WORLD
Euro drops as Portugal’s jobless rate climbs before GDP report
Baku, March 14 (AZERTAC). he euro fell against most major peers as Portugal’s jobless rate rose to the highest in the shared currency’s history before a report forecast to show the region’s economy shrank at a faster pace last quarter.
The yen fluctuated against the dollar and euro after Bank of England Governor Mervyn King said currencies should be allowed to fluctuate based on monetary-stimulus measures, allaying concern the Group of 20 would criticize Japan for weakening its exchange rate. The pound slumped after the Bank of England said risks to the U.K.’s economic recovery were weighted to the downside. Sweden’s krona rallied after the central bank kept interest rates unchanged.
If the data shows the contraction is getting deeper, the economy is deteriorating -- that could see growth concerns resurface,” Eric Viloria, a senior currency strategist at Gain Capital Group LLC in New York, said in a telephone interview. “The focus has been on monetary policy, improving financial conditions, with the economy in the backdrop.”
The euro was little changed at $1.3452 at 5 p.m. in New York.

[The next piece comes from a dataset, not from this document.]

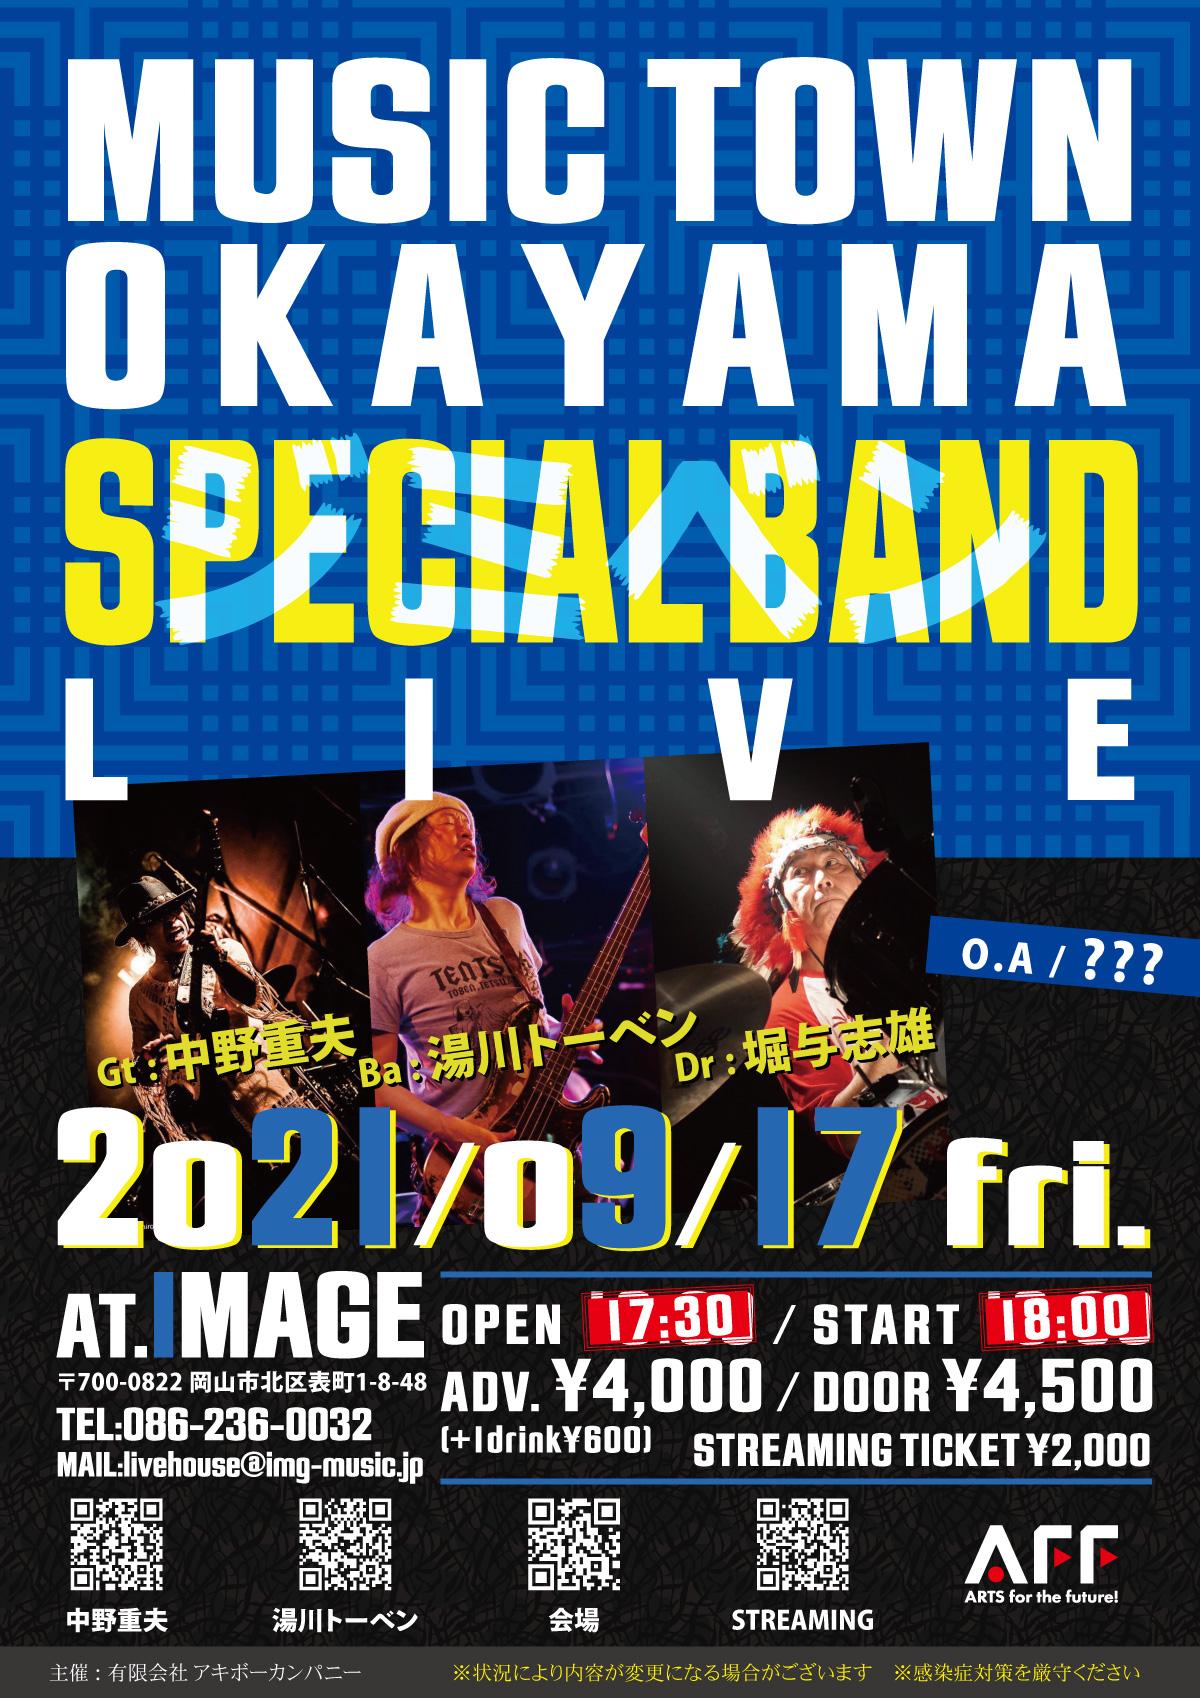 MUSIC TOWN OKAYAMA SPECIAL BAND LIVE

The shared currency lost 0.1 percent to 125.64 yen. Japan’s currency added 0.1 percent to 93.39 per dollar after sliding to 94.46 on Feb. 11, the weakest level since May 5, 2010.

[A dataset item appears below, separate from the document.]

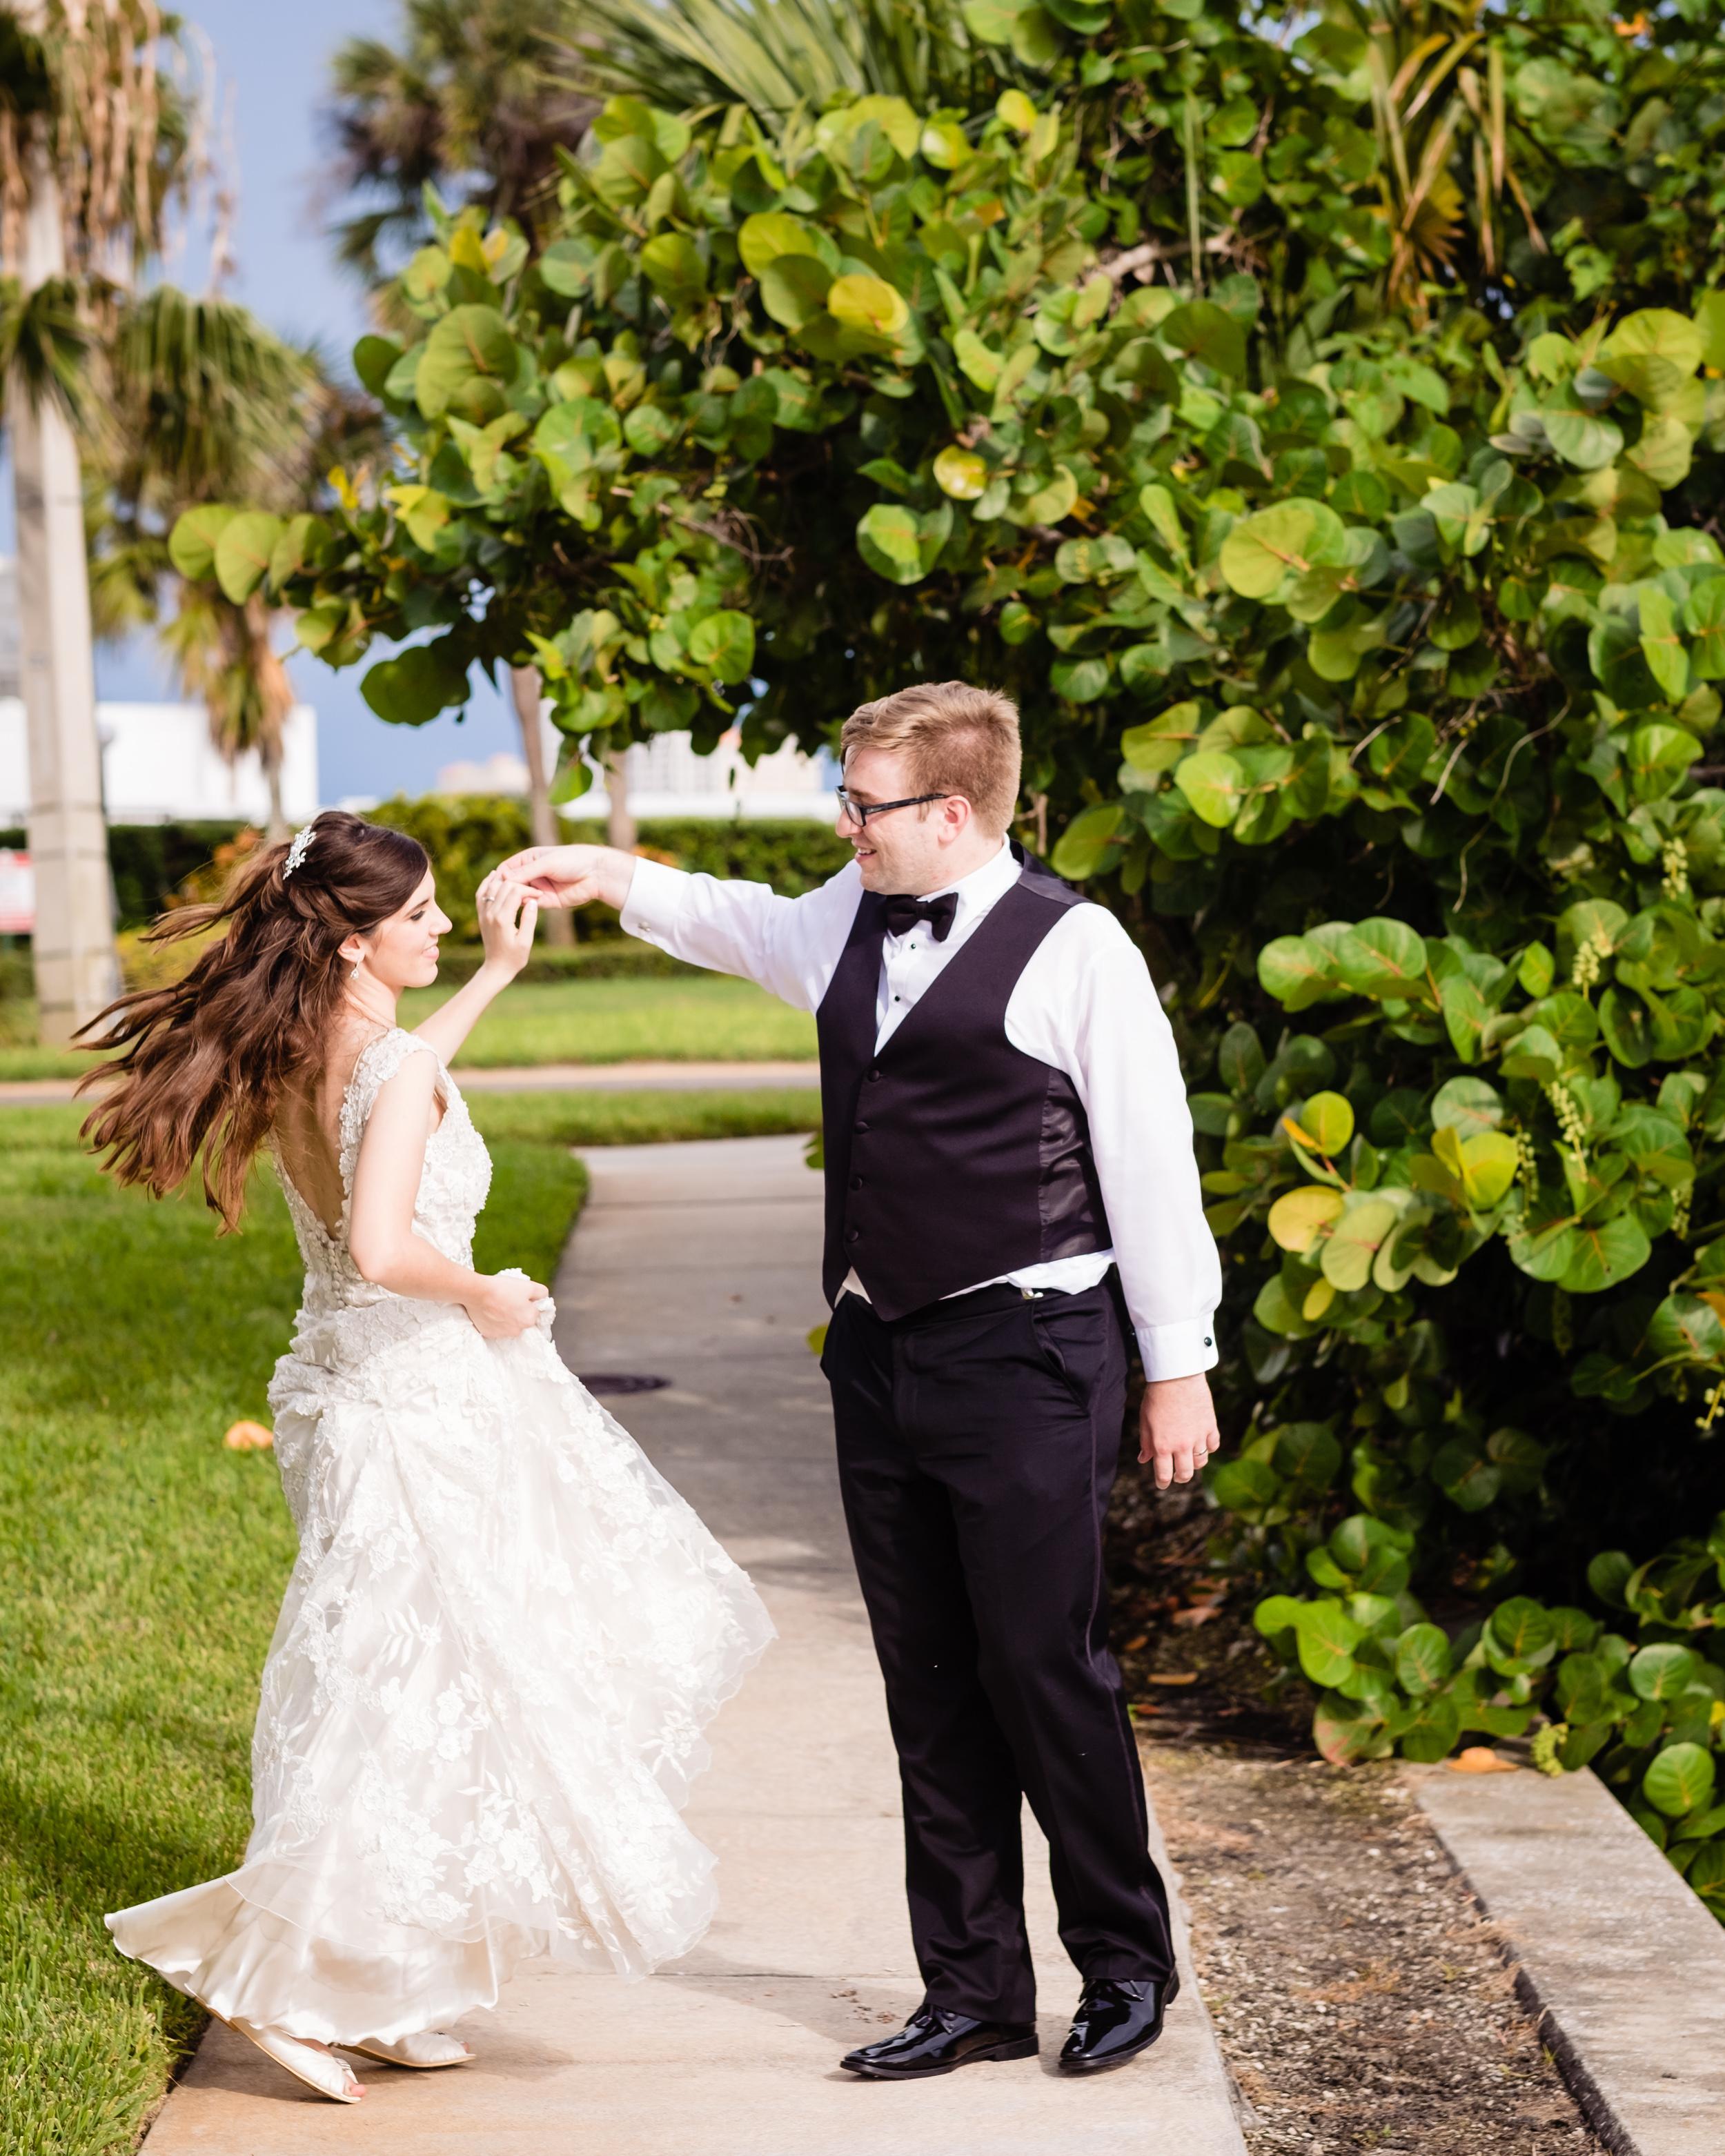 HAH_Zoe and Daniel_Clearwater Wedding_623_2018.jpg

Japan’s currency has tumbled 17 percent in the past three months, the worst performer among 10 developed-nation currencies tracked by Bloomberg Correlation-Weighted Indexes. The dollar declined 1.9 percent and the euro rose 4.3 percent.
he pound fell against all of its 16 most-traded peers after King said the outlook for consumer prices is higher than was forecast in November and weak productivity is boosting domestic costs. Sterling dropped 0.8 percent to $1.5542 after declining to 1.5524, the lowest since Aug. 3.
The krona climbed to a four-month high against the euro after the Riksbank refrained from monetary easing to weaken the currency. The Swedish currency rose as much as 1.4 percent to 8.4478 per euro, the strongest since Oct. 1.
“The Portugal premier sounded concerned about a sharp rise in unemployment, which is coming on the eve of tomorrow’s growth data from the euro zone,” Joe Manimbo, a market analyst at Western Union Business Solutions, a unit of Western Union Co., said by telephone from Washington, D.C.
The euro-area economy will shrink at a faster pace last quarter, the median forecast in a Bloomberg News Survey showed. Economists predict the 17-nation economy will contract by 0.4 percent, after reversing 0.1 percent last quarter.
The euro advanced earlier after the European Union’s statistics office said industrial production in the currency bloc increased 0.7 percent in December from the previous month, when it fell a revised 0.7 percent. Economists forecast a gain of 0.2 percent, according to a Bloomberg News Survey.
Markets are trying to “navigate the reality that everybody is trying to devalue their currencies,” Mohamed El-Erian, chief executive officer of Pacific Investment Management Co., said today in a Bloomberg Television interview with Betty Liu. “There is too much reliance on central banks, and currencies are the collateral damage.”